Thursday, May 7, 2009

How to find the bottleneck in your application with a SQL Profiler trace file?

Introduction

Performance bottlenecks can have different causes. Every cause can be recognized on its own way and will have its own solution. To solve your performance issue in your application you need to know on which part you need to focus. We have 4 different types of performance bottlenecks. This blog will describe what kind of performance bottlenecks we can have in applications and how we can recognize them. If you find situations as described in this document, it is not said that this is wrong. It will help you to analyze very critical what is happening in your application and maybe you can rewrite a part of your application to avoid specific behavior. It is like rebuilding your house, it will cost you a lot of headache but at the end you’re happy with the result.

Types of performance bottlenecks

1) Long running queries
  • Incomplete WHERE clauses. For instance an MRP record can be recognized by column1 = 'MRP' and Column2 = ‘B’. So both fields should be specified in the WHERE clause. In that case indexes created for MRP records will be used by the optimizer. In SQL Profiler you will see queries with a big amount of reads. Amount of reads depends on your database size. In a database smaller than 5 GB 100.000 reads is high. For bigger databases higher values are acceptable however 1 million reads are always big and should be analyzed.


  • Wrong data types in the query. For instance Column Periode in table Transactions is of type INT. Query syntax should be Transactions.Periode = 5 instead of Transactions.Periode = ‘ 5’ First syntax is correct. When wrong datatypes are used SQL server need to convert this data to the types which are used in the datamodel. This will cost CPU resources and not efficient query plans. Always double check the data type of a field with next command SP_HELP Transactions


  • Unneccassry JOINS. Check for every JOIN if it is used in the SELECT or WHERE part of your query. If this only applies for the SELECT part of your query check if this column is used for a calculation or displayed to the user. If not remove this part of the query.

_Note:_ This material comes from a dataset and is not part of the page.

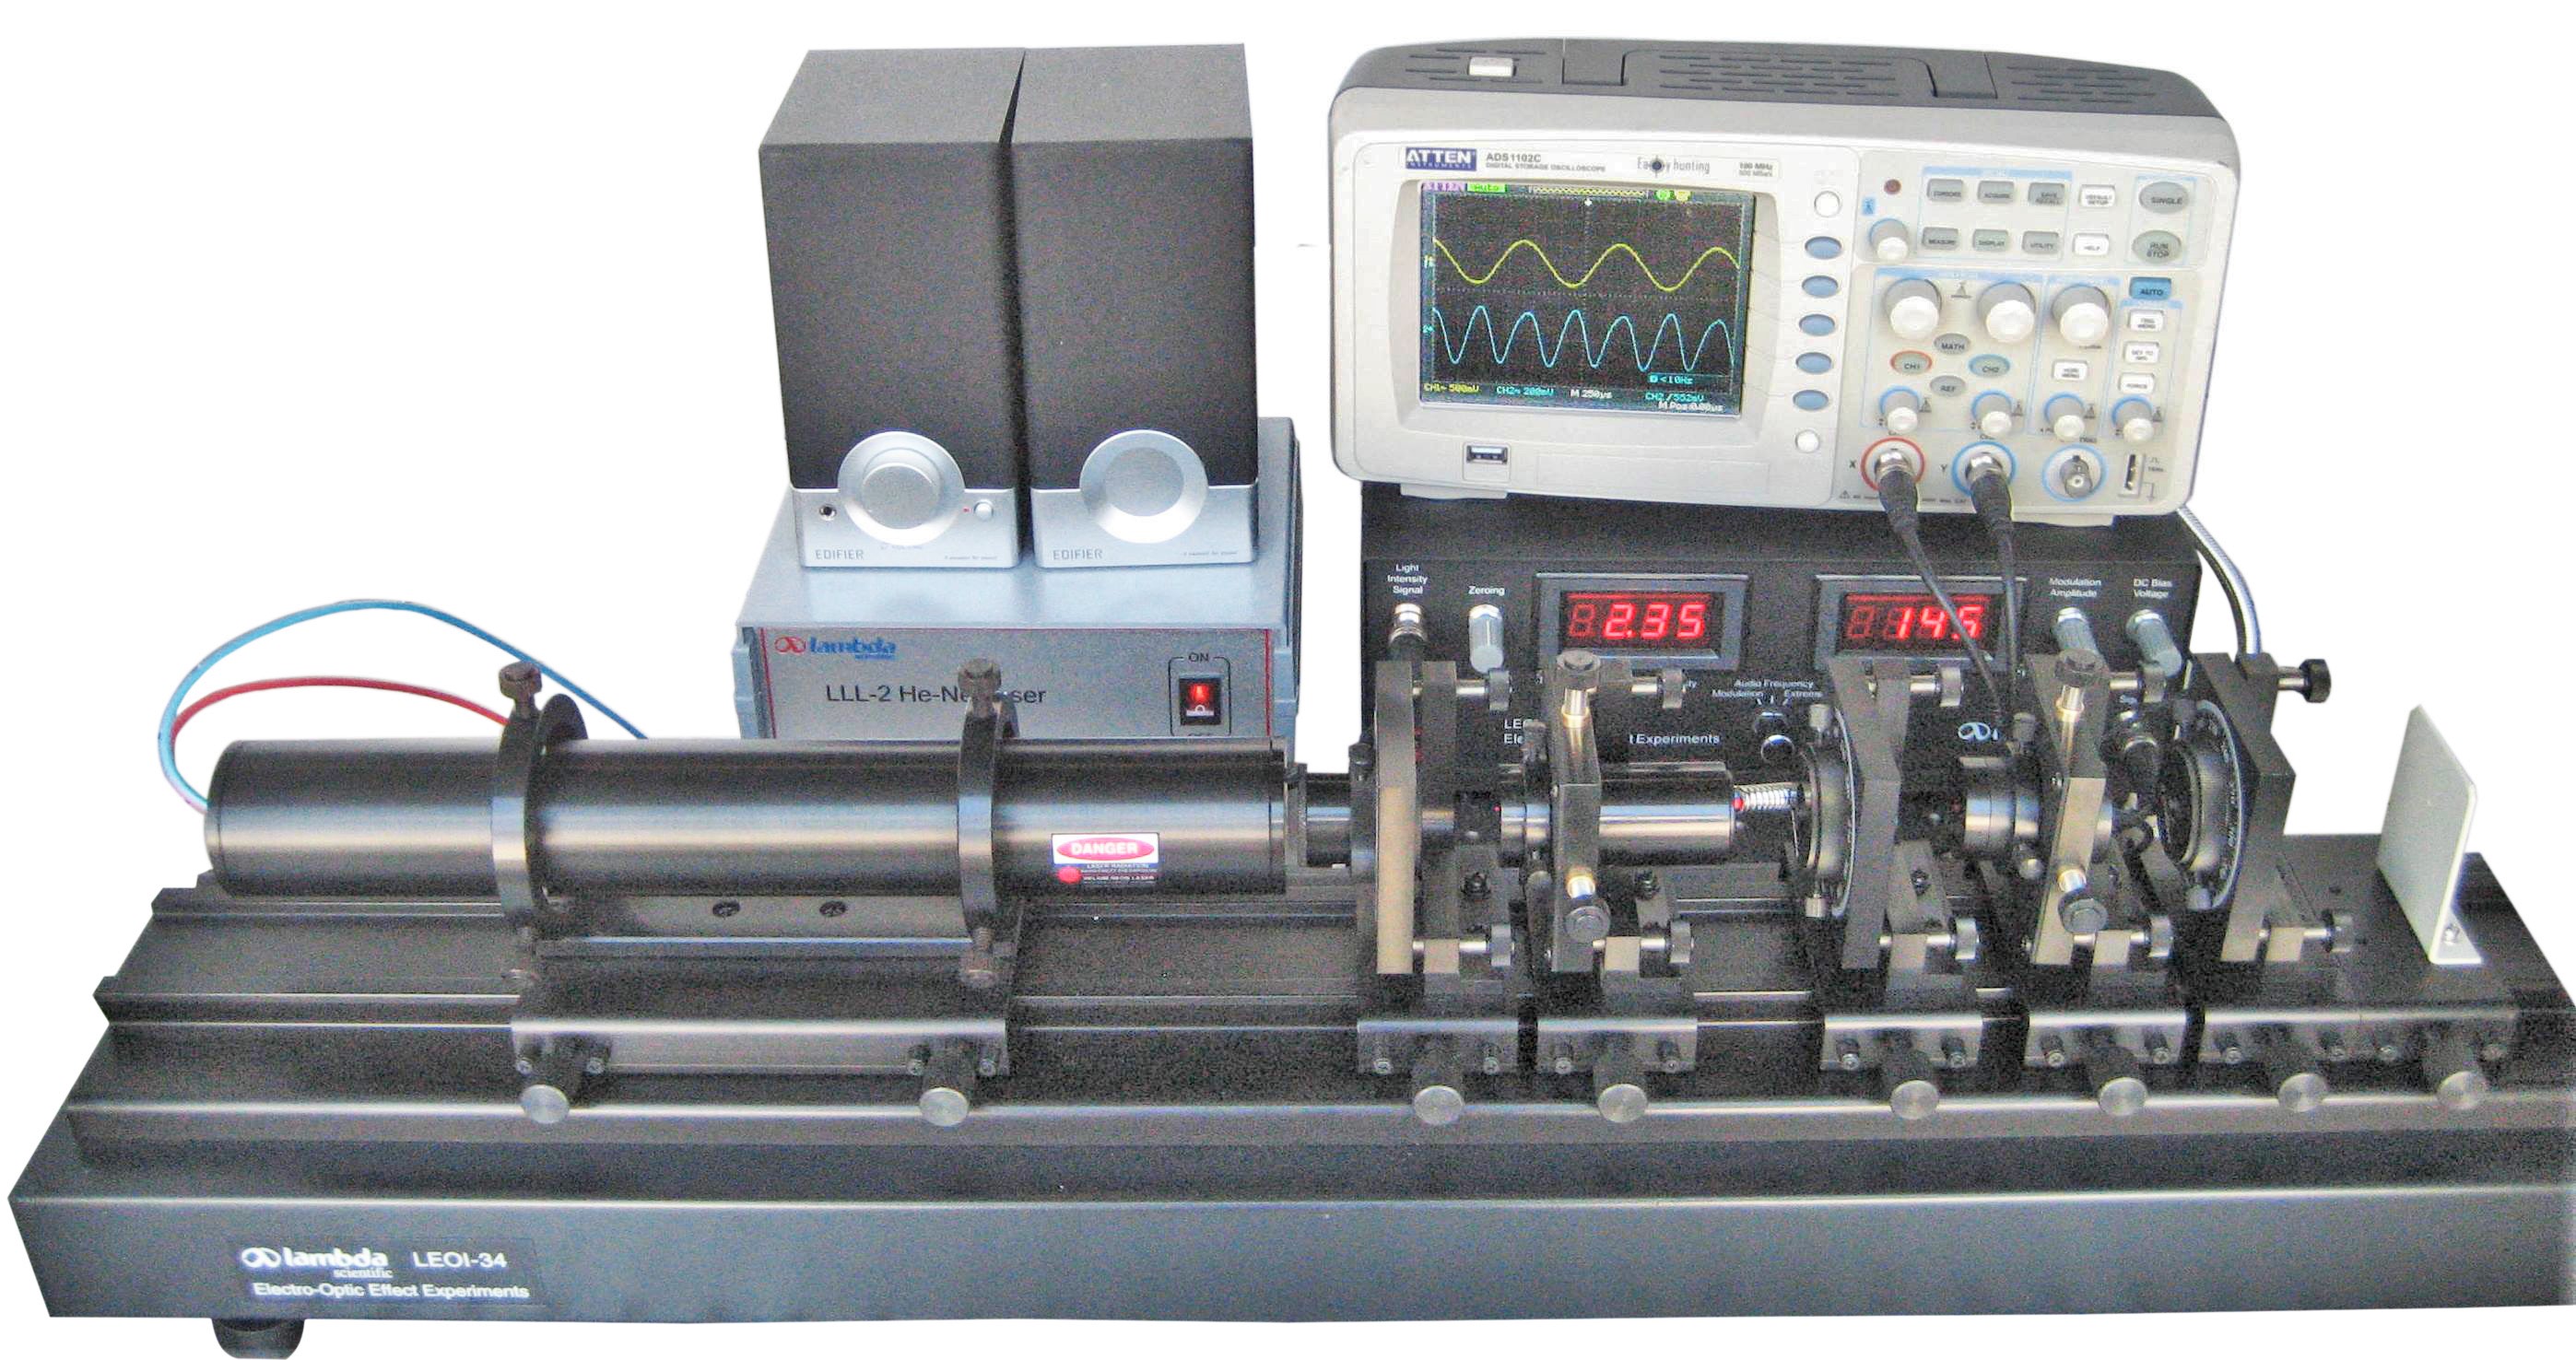 LEOI-34 Experimental System for Electro-Optic Modulation
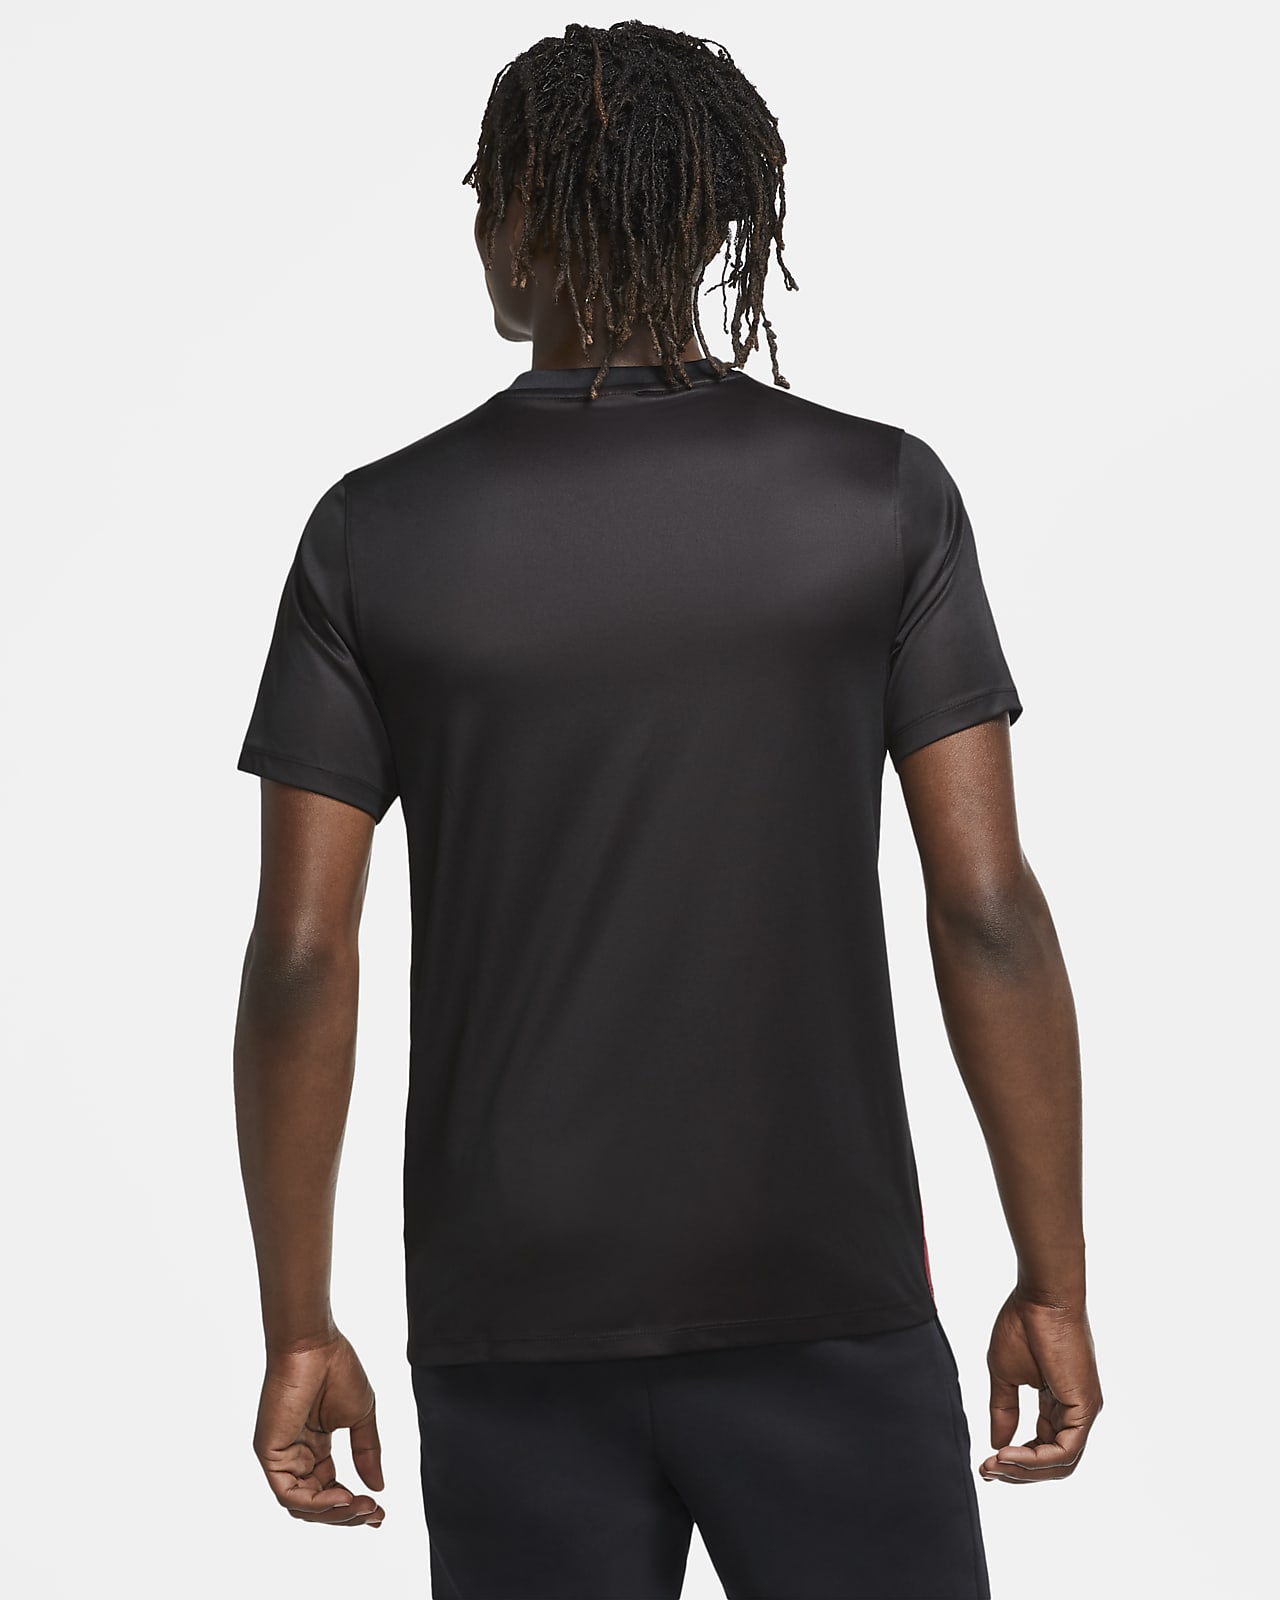 Galatasaray 2020-21 Nike Away Shirt | 20/21 Kits | Football shirt blog

    SELECT TOP 100 TR.FinYear, TR.Periode, TR.Journalnr, TR.Description, TR.Amount
    FROM Transactions TR
    INNER JOIN Journals JR ON JR.Journalnr = TR.Journalnr
    WHERE TR.FinYear = 2009


  • Queries which retrieve a lot of data without using it. For instance retrieve 50 columns: SELECT Column1, Columns2, Column3.....,Column 50 FROM Transactions. but show only 6 columns to the user. In this situation 44 columns of data are not used. Do you buy all newspapers in the store and select at home which one your are going to read and throw all other newspapers in the bin? Data transfer of 50 columns will takes more time than data transfer of 6 columns. When profiling the Amount of reads in SQL Profiler the profiled values can be the same because SQL already has done a bookmark lookup to retrieve the data of the 6 columns. However the physical data transferred to the user is much lower. This can be measured with the Query Analyzer of SQL 2005. (Include Client Statistics SHIFT+ALT+S) After completing the query an extra tab Client Statistics is presented.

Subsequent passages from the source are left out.